What I tried to do was using $z = \frac{\bar{z}z}{\bar{z}}$ and the fact that $z^2+dz+e=0$, and thus $(\frac{\bar{z}z}{\bar{z}})^2+d\frac{\bar{z}z}{\bar{z}} +e=0\Rightarrow (z\bar{z})^2+d(\bar{z}^2)+e\bar{z}^2=0$ , but I don't find a way to go on.
Edit:
Well a counter example appears in comments. My intention was to demonstrate that the rank of the splitting field must be $6$ , so I'll explain a way around it (cause $\mathbb{Q}(z,\bar{z})\neq \mathbb{Q(z)} $ generally). In case $r$ is a real root, then $p(x)/(x-r)\in \mathbb{Q}(r)$ due to: $(x-r)(x^2+dx+e)=x^3+bx+c \Rightarrow x^3 + (d-r)x^2 + (e-rd)x -re = x^3+bx+c$ $\Rightarrow d=r , e=c/(-r)$ when $c\in \mathbb{Q}$.
Now $\mathbb{Q}(r)\subseteq \mathbb{R}$ and $x^2+dx+e$ is irreducible, as a polynomial of degree 2 without roots in $\mathbb{Q}(r)$ (complex roots).
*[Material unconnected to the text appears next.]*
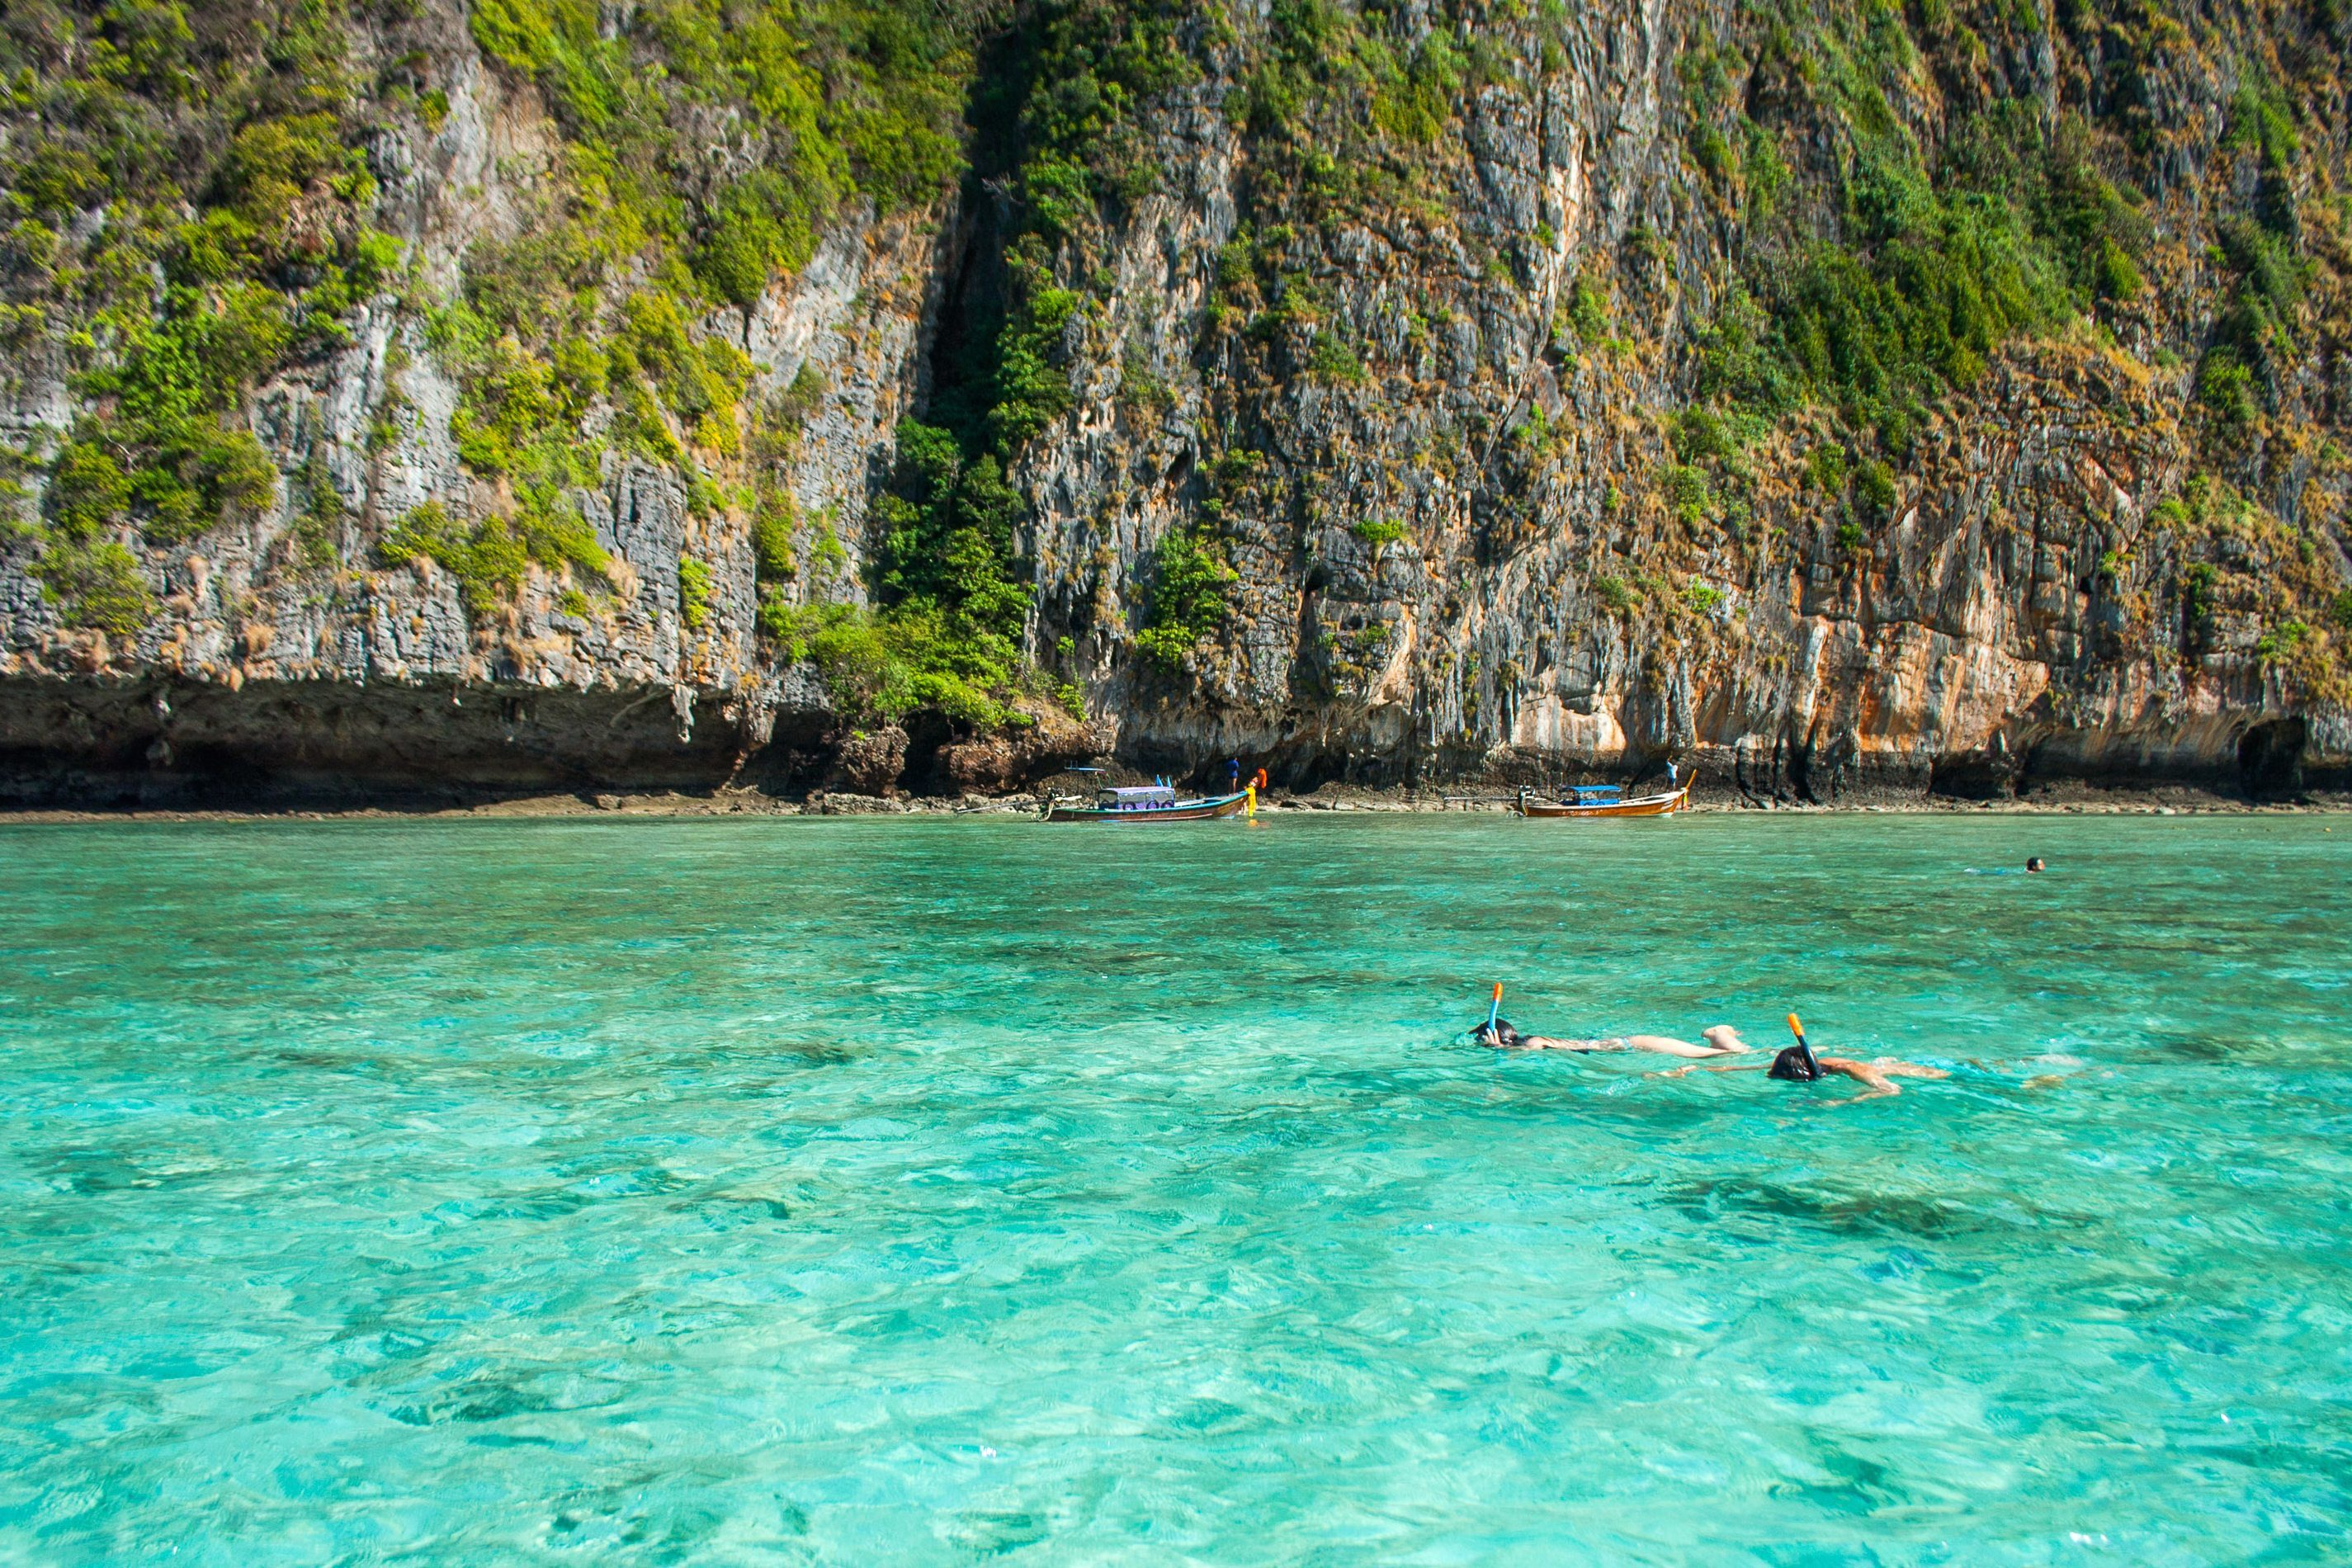 80 Gambar Pemandangan Pantai Paling Hist

So, $[\mathbb{Q}(r)[x] / \langle x^2+dx+e\rangle :\mathbb{Q}(r)] = 2$ and $\mathbb{Q}(r)[x]/ \langle x^2+dx+e\rangle \cong (\mathbb{Q}(r))(z) = \mathbb{Q}(r,z)$ when $z$ is a root of $x^2+dx+e$.
A polynomial of degree 2 as a roots, thus it splits over $\mathbb{Q}(r,z)$ thus $\mathbb{Q}(r,z,\bar{z}) = \mathbb{Q}(r,z)$ and $\mathbb{Q}(r,z):\mathbb{Q} = [\mathbb{Q}(r,z):\mathbb{Q}(r)][\mathbb{Q}(r):\mathbb{Q}] = 2\times3 = 6$.
For the counter example with $x^3-2$ we get that $\mathbb{Q}(2^{1/3}, 2^{1/3}\omega) = \mathbb{Q}(2^{1/3}, 2^{1/3}\bar{\omega}) = \mathbb{Q}(2^{1/3}\omega, 2^{1/3} \bar{\omega})$